- Exercise: Please return the full listing word for word, leaving out any pictures.

- Supplied material:
/---

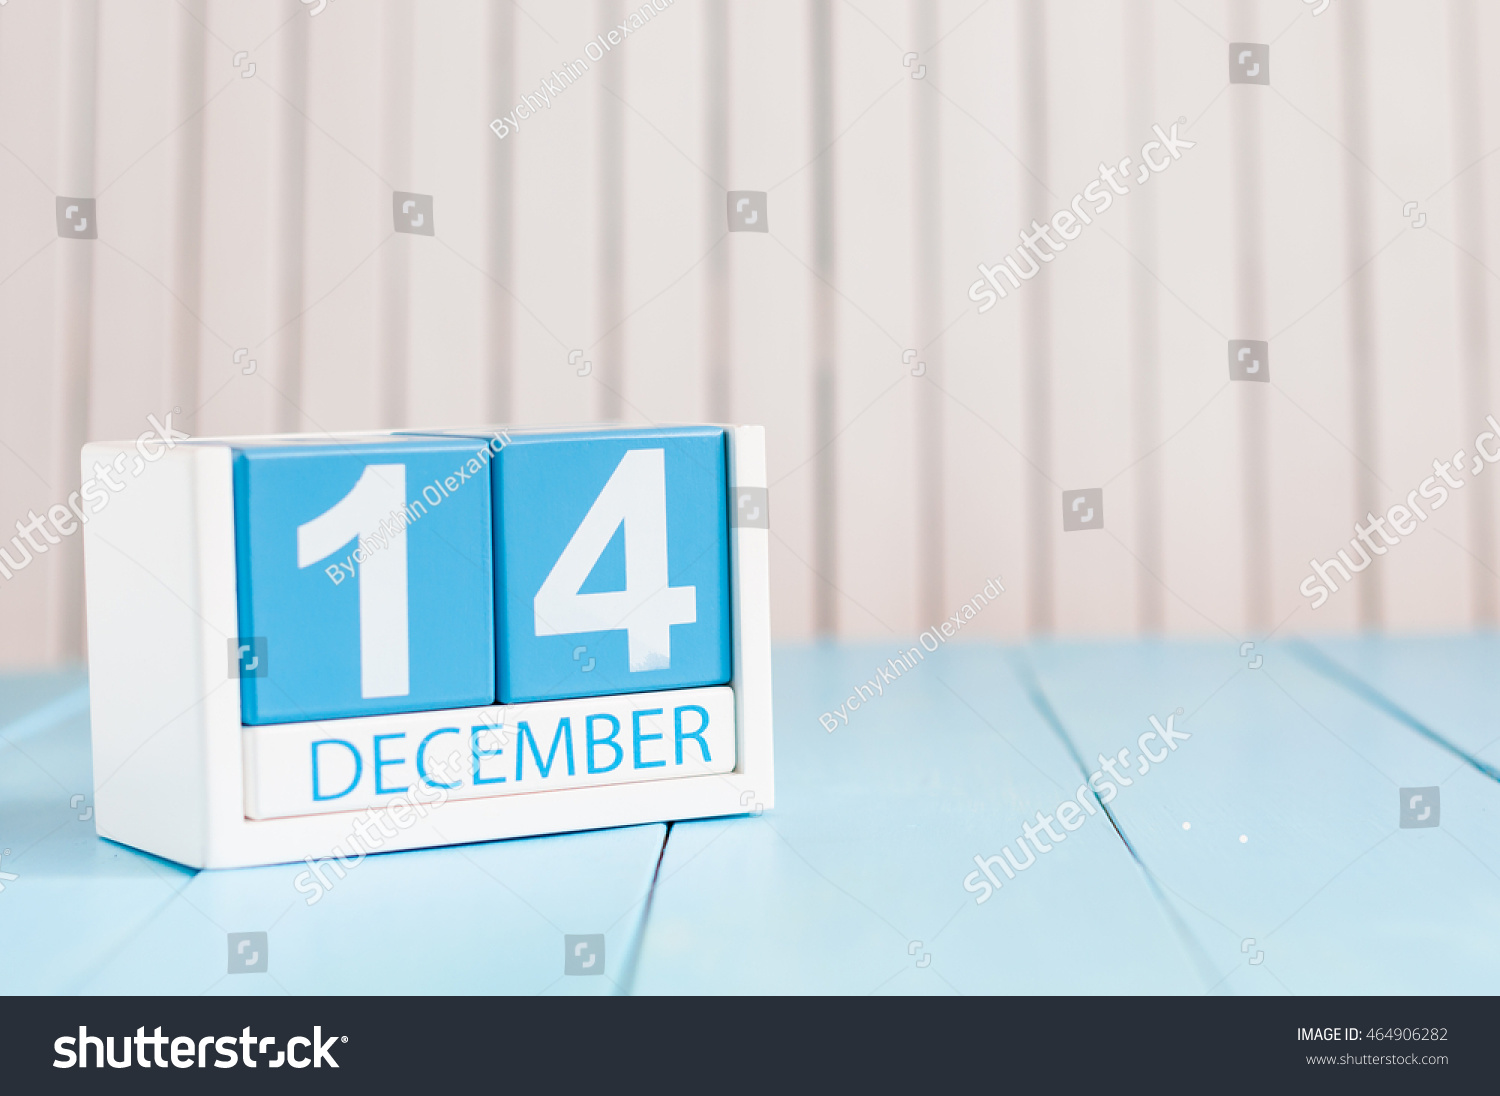 December 14th Day 14 Month Calendar Stock Photo 464906282 Shutterstock
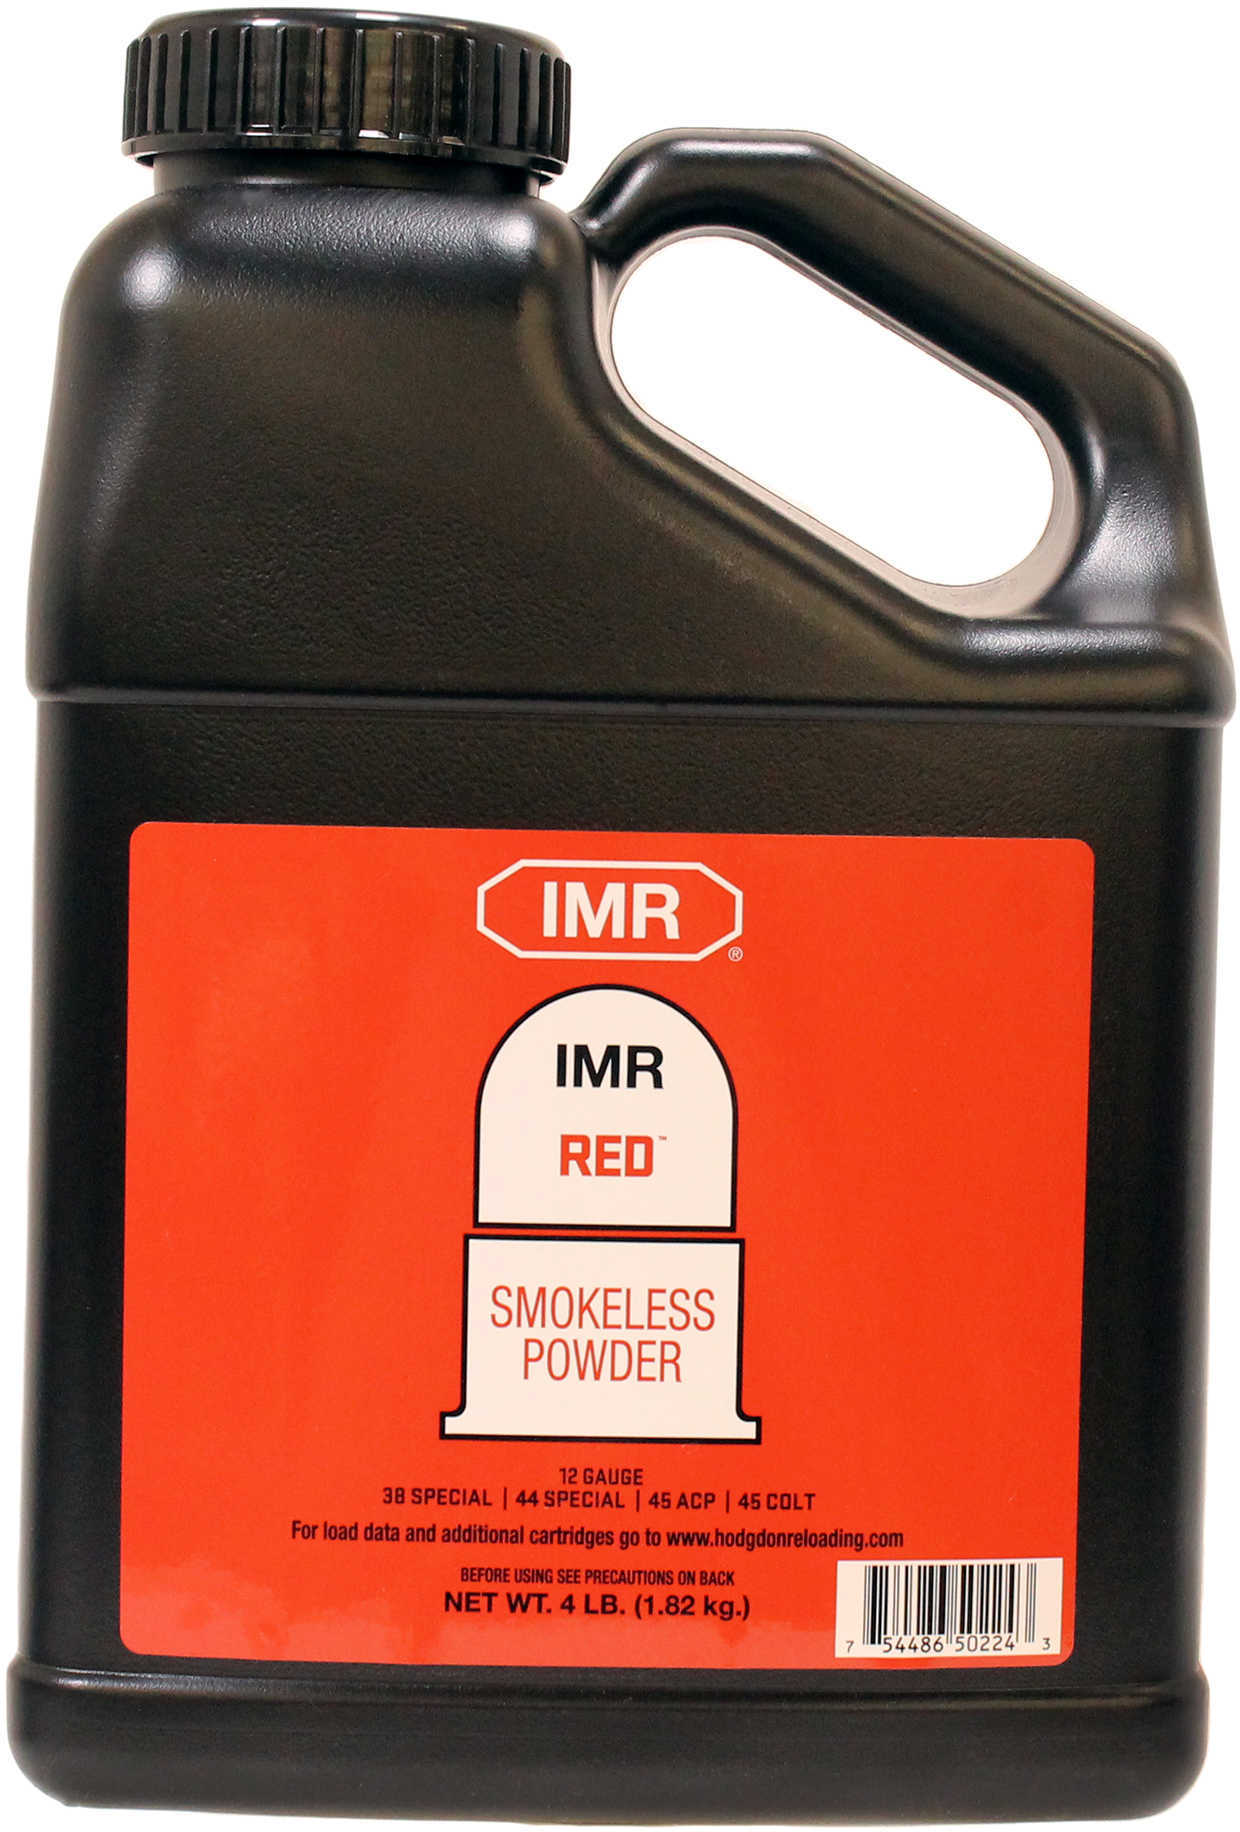 IMR Smokeless Powder Red 4 Lb
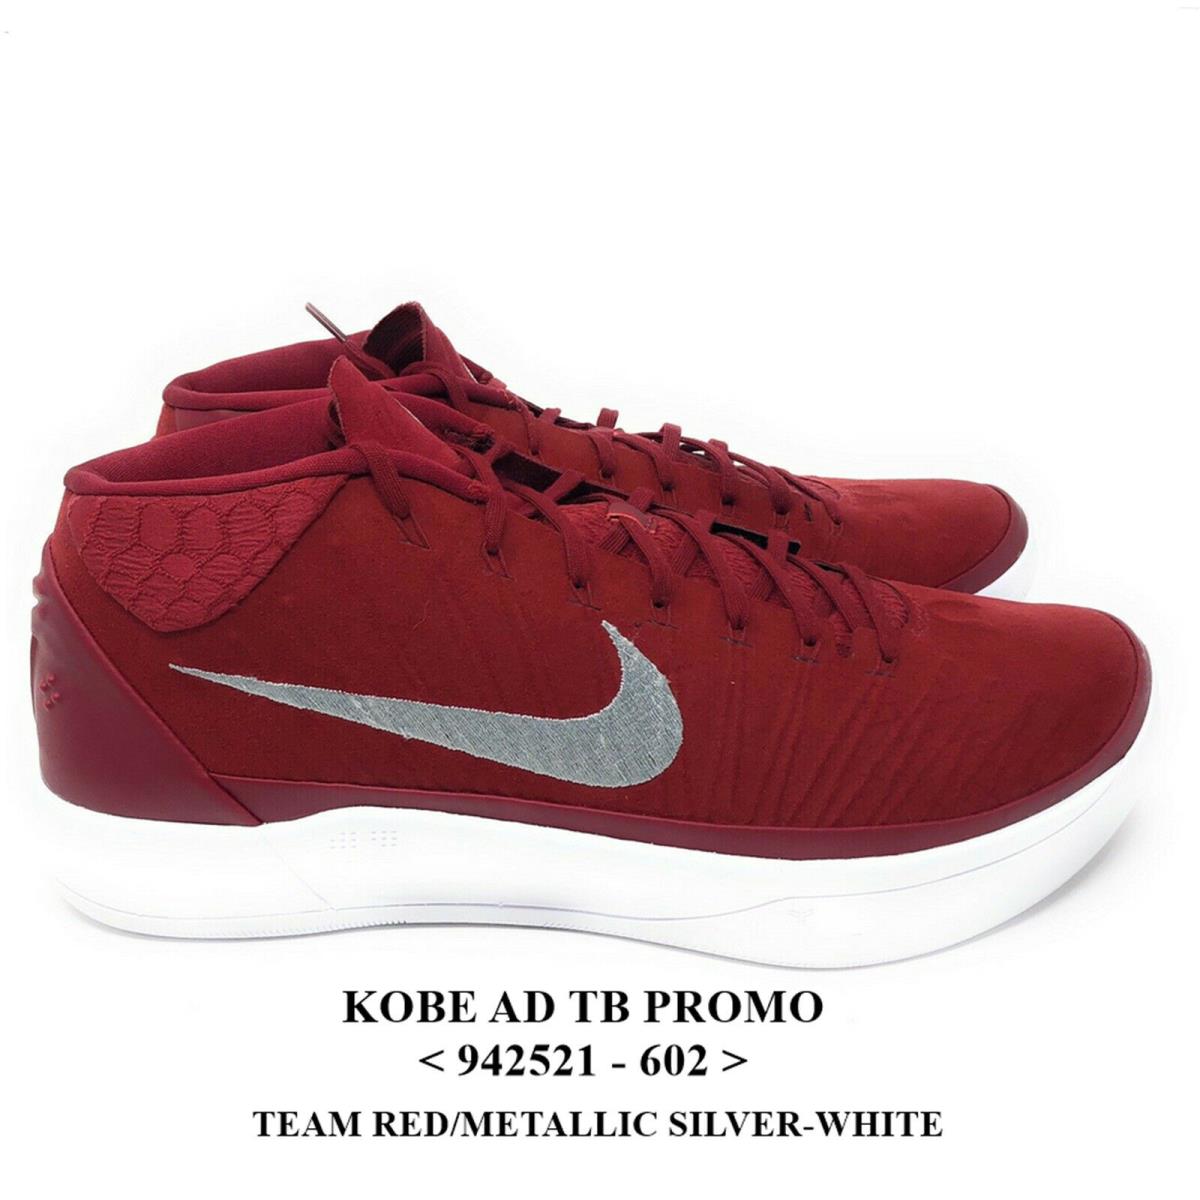 Nike Kobe AD TB Promo <942521 - 602> Men`s Basketball Shoe . NO Lid
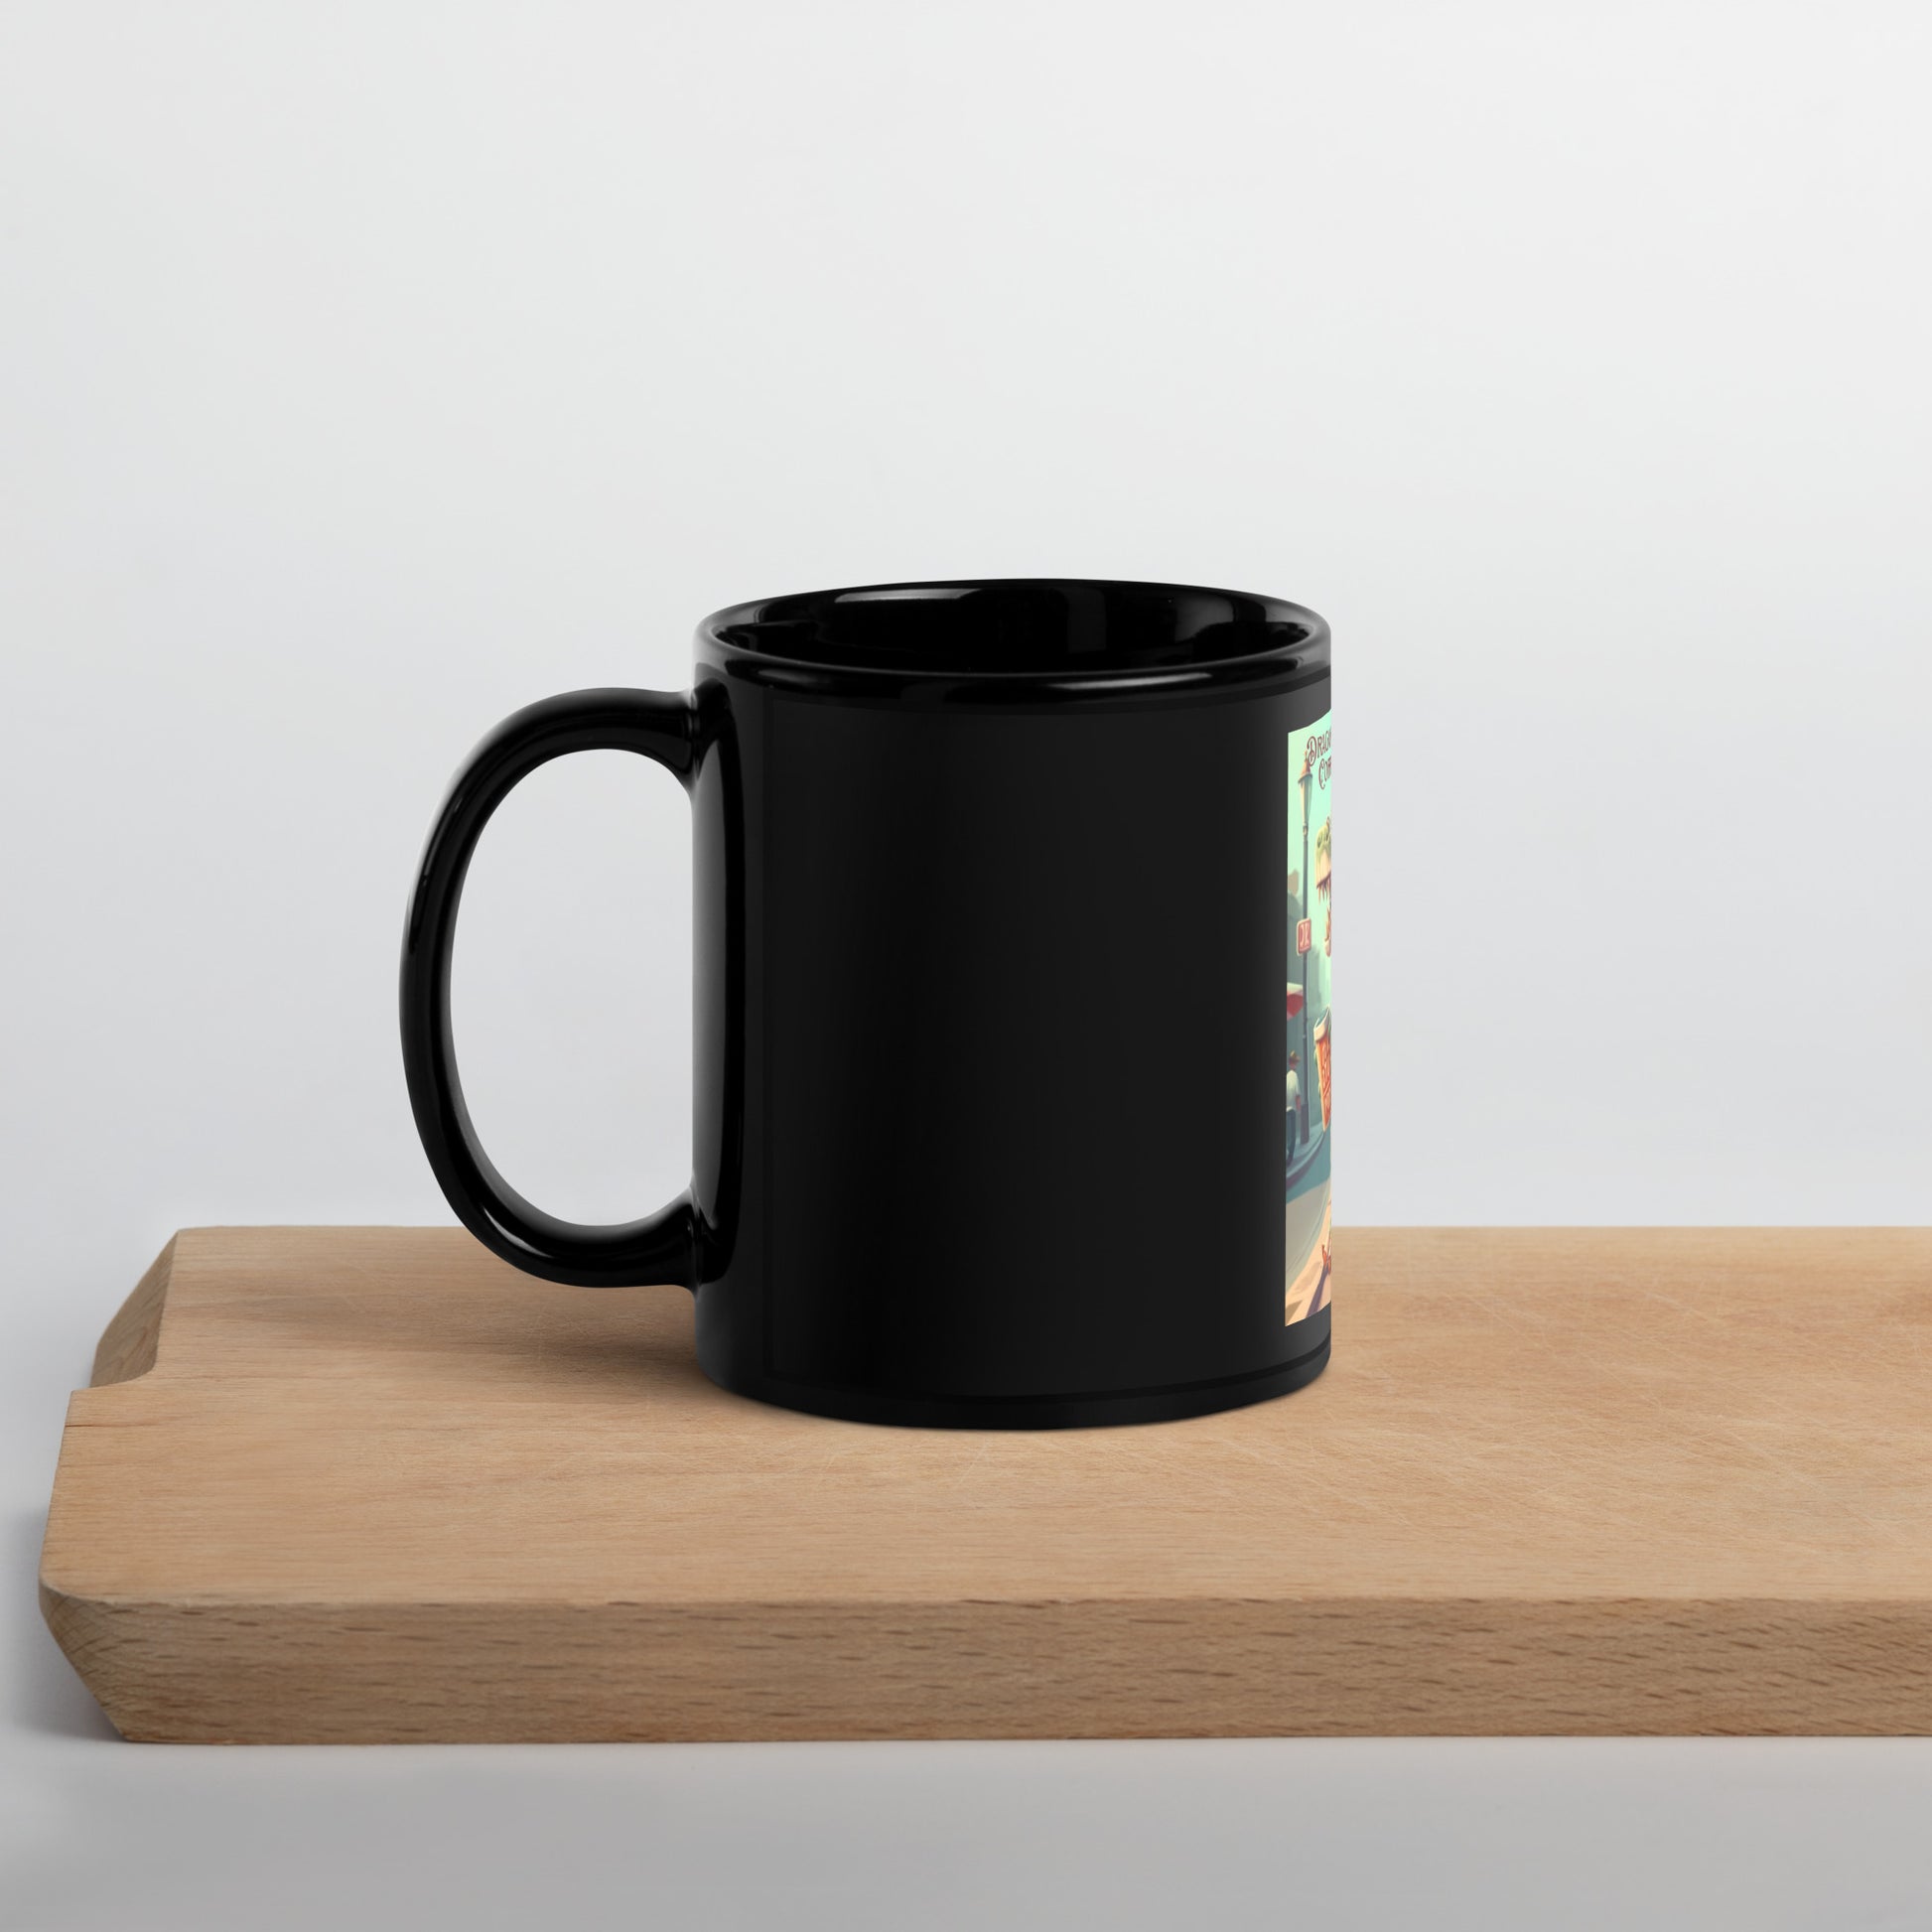 Dragon and Coffee: A Love Story Coffee Mug - B.Niki Designs

\---

- Final answer:
 December 14th Day 14 Month Calendar Stock Photo 464906282 Shutterstock
 IMR Smokeless Powder Red 4 Lb
 Nike Kobe AD TB Promo <942521 - 602> Men`s Basketball Shoe . NO Lid
 Dragon and Coffee: A Love Story Coffee Mug - B.Niki Designs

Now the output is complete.